Real-World Example: Ollama Provider

Here’s the actual Ollama provider implementation:
import { Ollama } from "ollama"
import { ApiHandler, CommonApiHandlerOptions } from "../index"
import { withRetry } from "../retry"
import { convertToOllamaMessages } from "../transform/ollama-format"
import { ToolCallProcessor } from "../transform/tool-call-processor"

interface OllamaHandlerOptions extends CommonApiHandlerOptions {
  ollamaBaseUrl?: string
  ollamaApiKey?: string
  ollamaModelId?: string
  ollamaApiOptionsCtxNum?: string
  requestTimeoutMs?: number
}

export class OllamaHandler implements ApiHandler {
  private options: OllamaHandlerOptions
  private client: Ollama | undefined

  constructor(options: OllamaHandlerOptions) {
    this.options = options
  }

  private ensureClient(): Ollama {
    if (!this.client) {
      const clientOptions = {
        host: this.options.ollamaBaseUrl,
        headers: this.options.ollamaApiKey
          ? { Authorization: `Bearer ${this.options.ollamaApiKey}` }
          : undefined
      }
      this.client = new Ollama(clientOptions)
    }
    return this.client
  }

  @withRetry({ retryAllErrors: true })
  async *createMessage(
    systemPrompt: string,
    messages: ClineStorageMessage[],
    tools?: any[]
  ): ApiStream {
    const client = this.ensureClient()
    const ollamaMessages = [
      { role: "system", content: systemPrompt },
      ...convertToOllamaMessages(messages)
    ]

    const stream = await client.chat({
      model: this.options.ollamaModelId || "",
      messages: ollamaMessages,
      stream: true,
      options: {
        num_ctx: Number(this.options.ollamaApiOptionsCtxNum || 32768)
      },
      tools: tools as any
    })

    const toolCallProcessor = new ToolCallProcessor()

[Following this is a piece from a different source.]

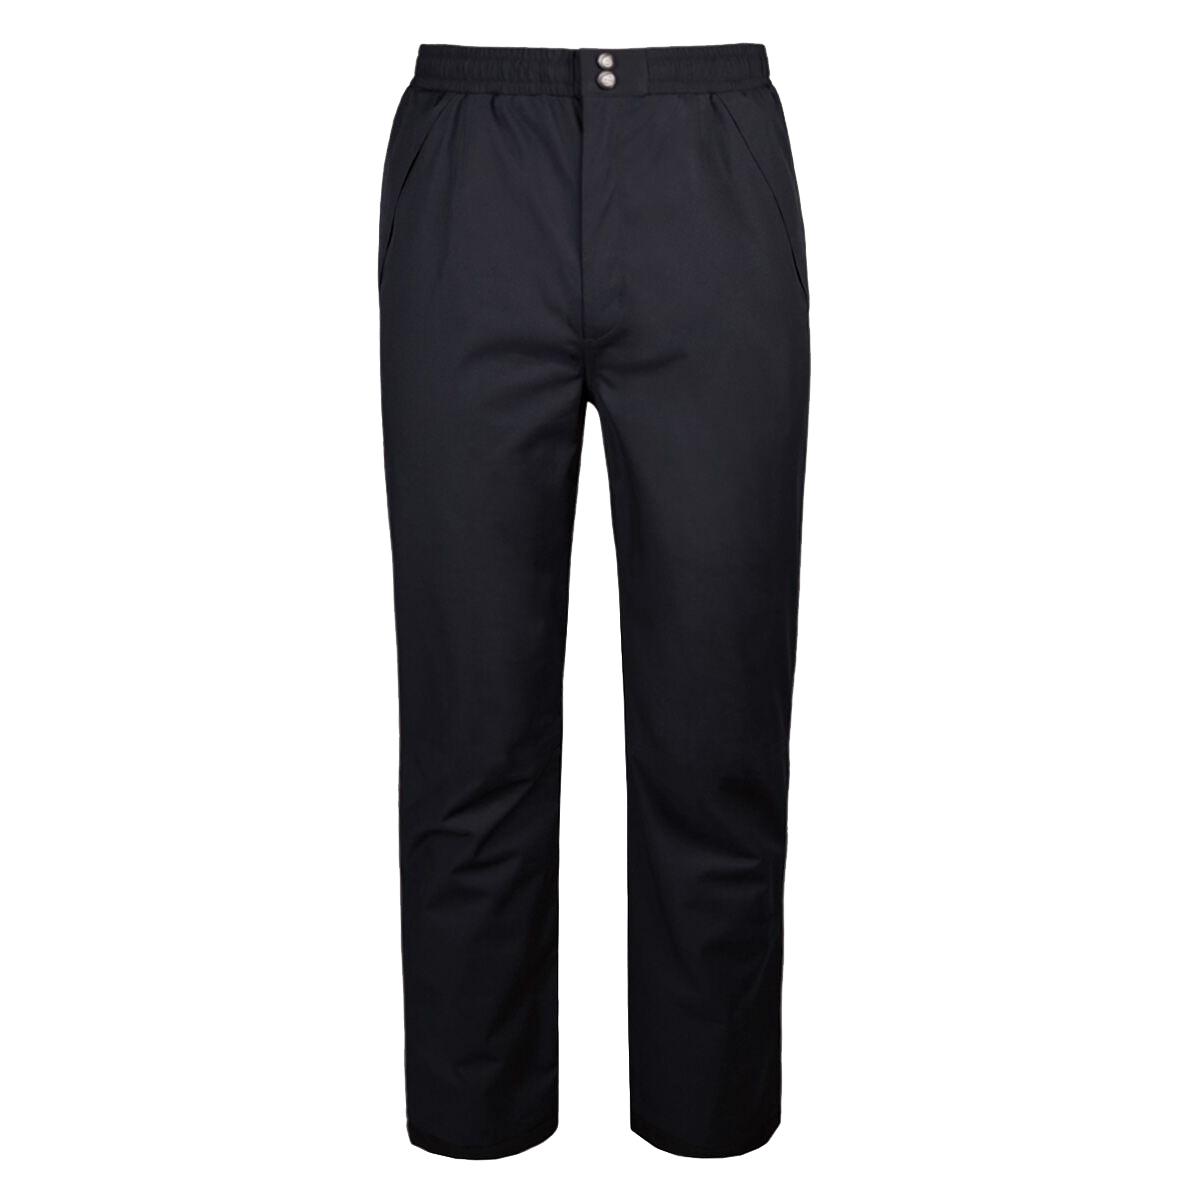 Sunderland Mens Lightweight Waterproof Trousers (XL/L) (Black)

    for await (const chunk of stream) {
      const delta = chunk.message

      if (delta?.tool_calls) {
        yield* toolCallProcessor.processToolCallDeltas(
          delta.tool_calls.map((tc, inx) => ({
            index: inx,
            id: `ollama-tool-${inx}`,
            function: {
              name: tc.function.name,
              arguments: typeof tc.function.arguments === "string"
                ? tc.function.arguments
                : JSON.stringify(tc.function.arguments)
            },
            type: "function"
          }))
        )
      }

      if (typeof delta.content === "string") {
        yield {
          type: "text",
          text: delta.content
        }
      }

      if (chunk.eval_count || chunk.prompt_eval_count) {
        yield {
          type: "usage",
          inputTokens: chunk.prompt_eval_count || 0,
          outputTokens: chunk.eval_count || 0
        }
      }
    }
  }

  getModel() {
    return {
      id: this.options.ollamaModelId || "",
      info: {
        maxTokens: 8192,
        contextWindow: Number(this.options.ollamaApiOptionsCtxNum || 32768),
        supportsPromptCache: false,
        inputPrice: 0,
        outputPrice: 0
      }
    }
  }

  abort(): void {
    this.client?.abort()
  }
}

Testing Your Provider

Create tests for your provider:
import { CustomProviderHandler } from "../custom-provider"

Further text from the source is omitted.